» **WHAT THE TASK ASKS**: Give the data again exactly as it appears, excluding any pictures.

» **DATASET EXCERPT**:

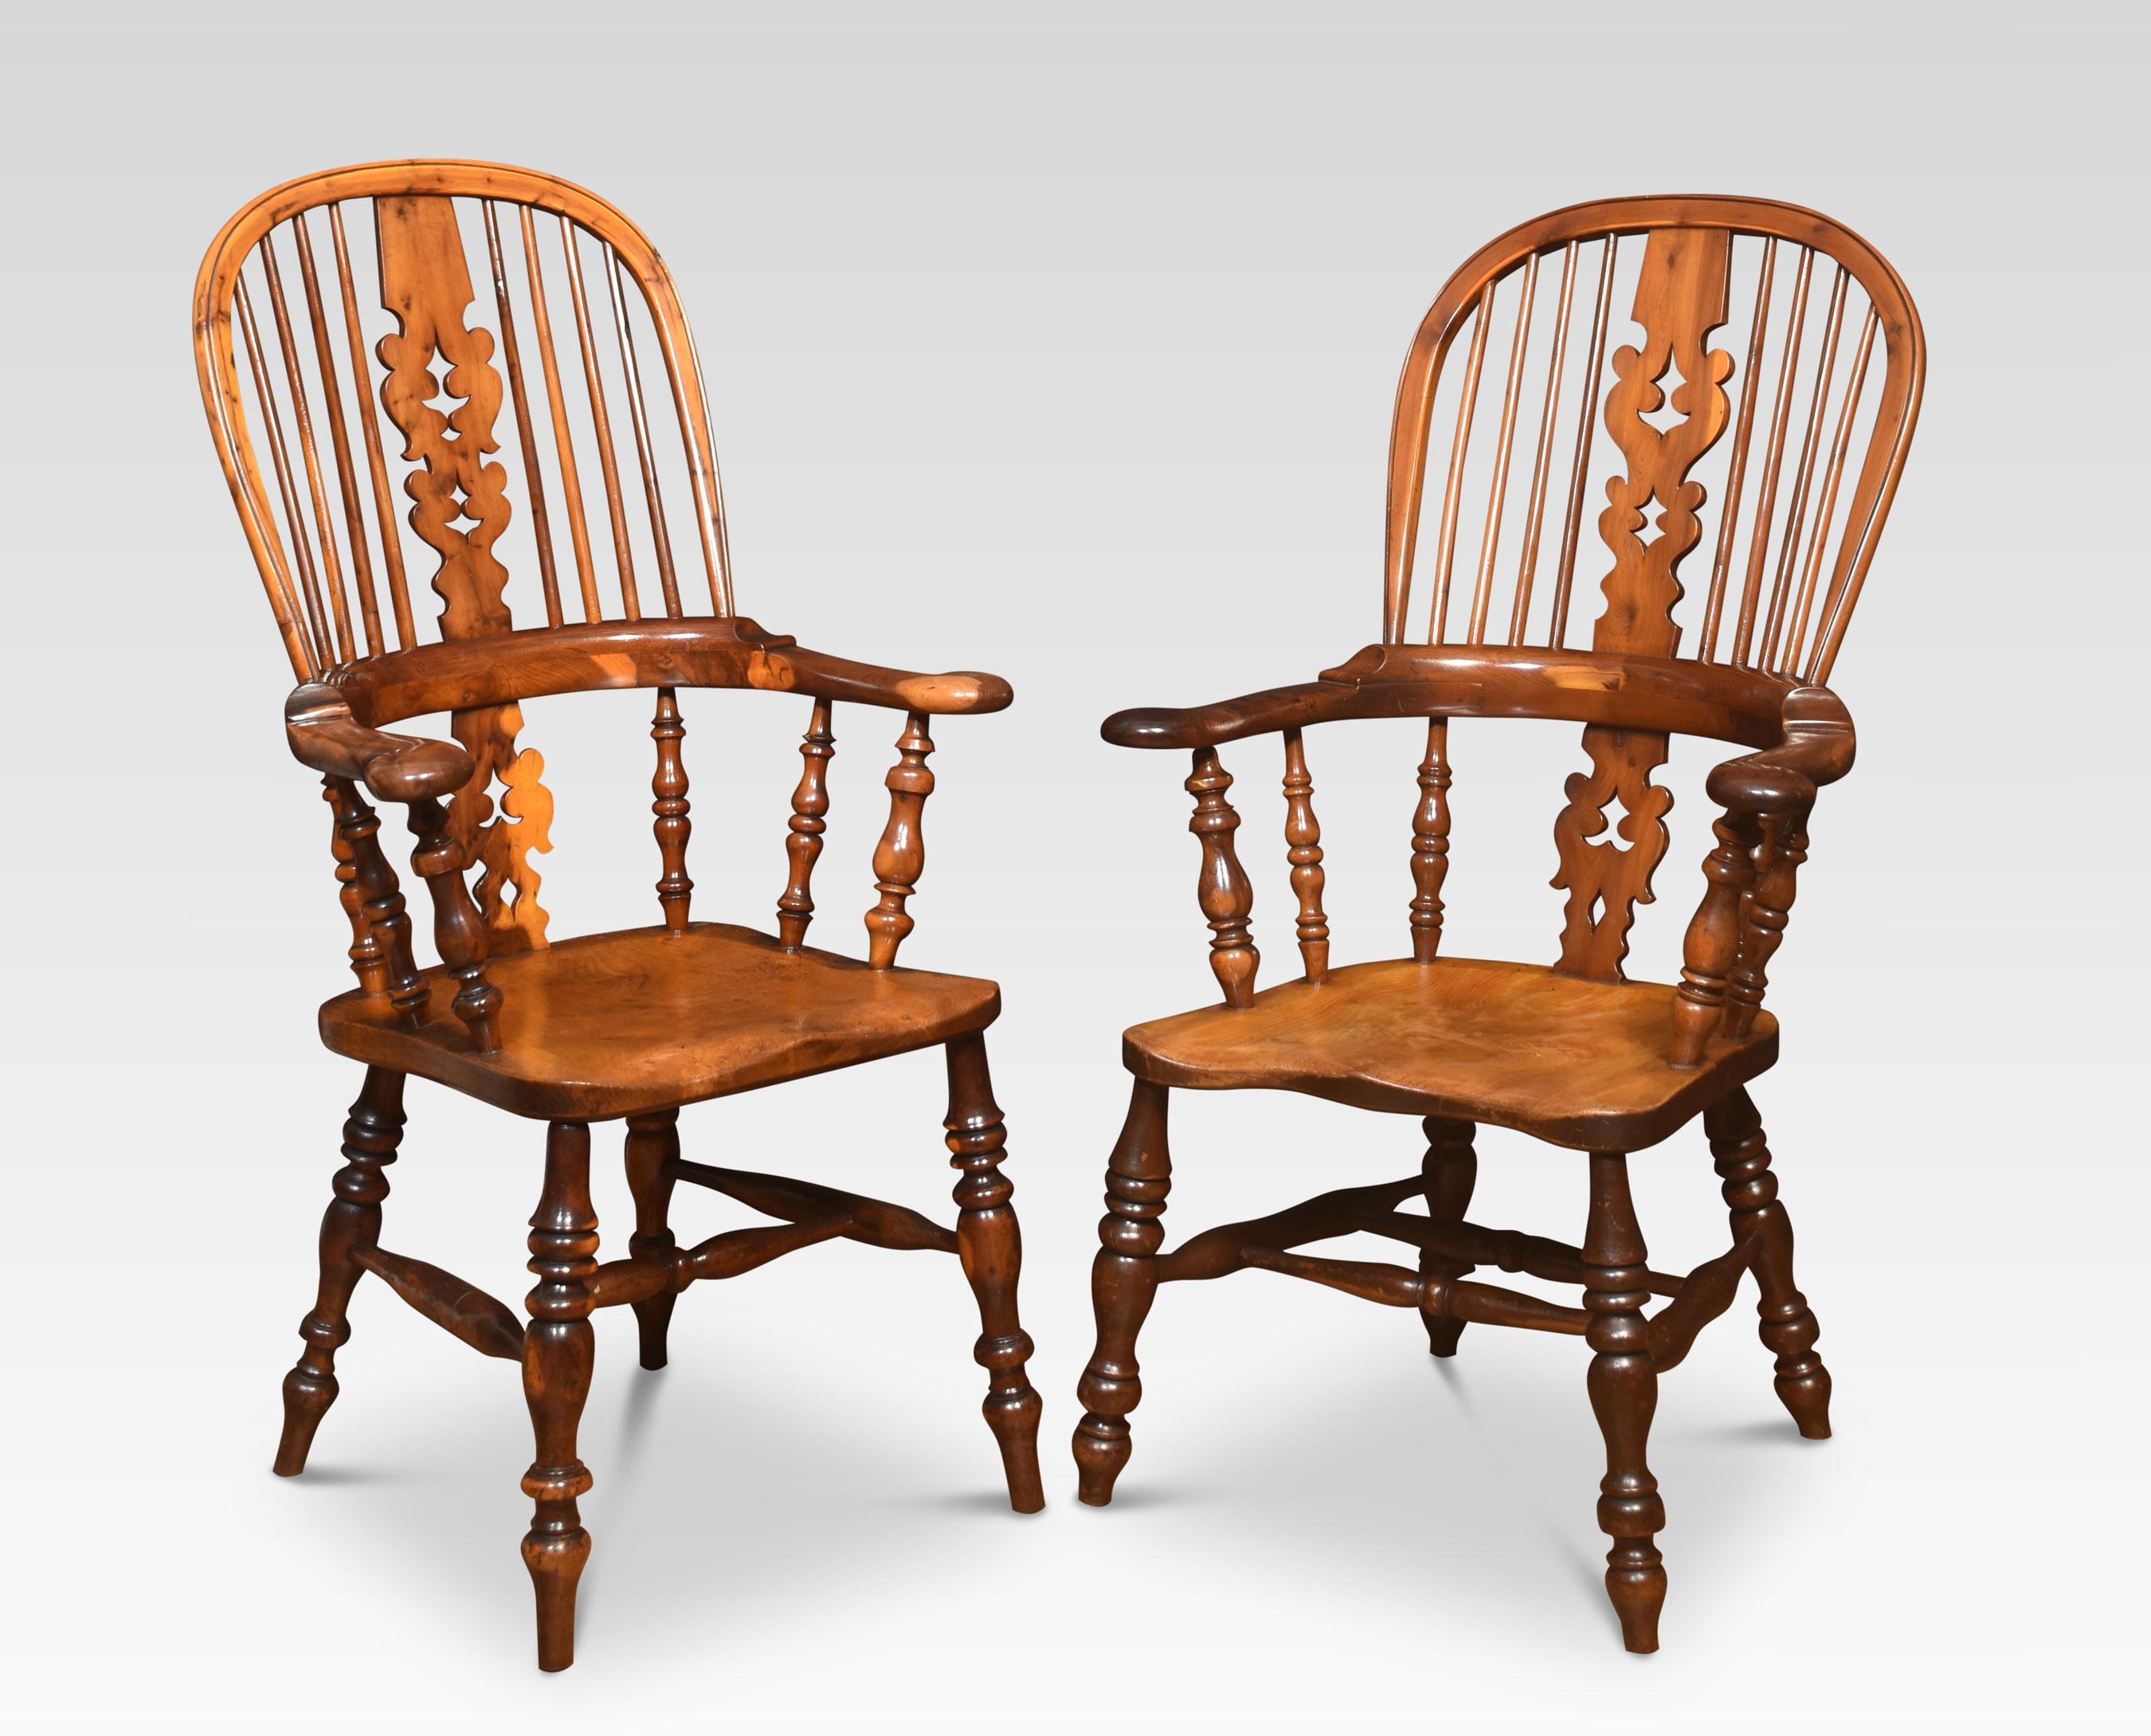 Matched set of six 19th century yew wood broad arm Windsor chairs, the hoop backs with a pierced and shaped central splat above ash and elm seats surrounded by broad arms. Raised up on turned legs united by stretchers.
Dimensions

Tallest

» **SOLUTION FOR THIS EXERCISE**:
 Matched set of six 19th century yew wood broad arm Windsor chairs, the hoop backs with a pierced and shaped central splat above ash and elm seats surrounded by broad arms. Raised up on turned legs united by stretchers.
Dimensions

Tallest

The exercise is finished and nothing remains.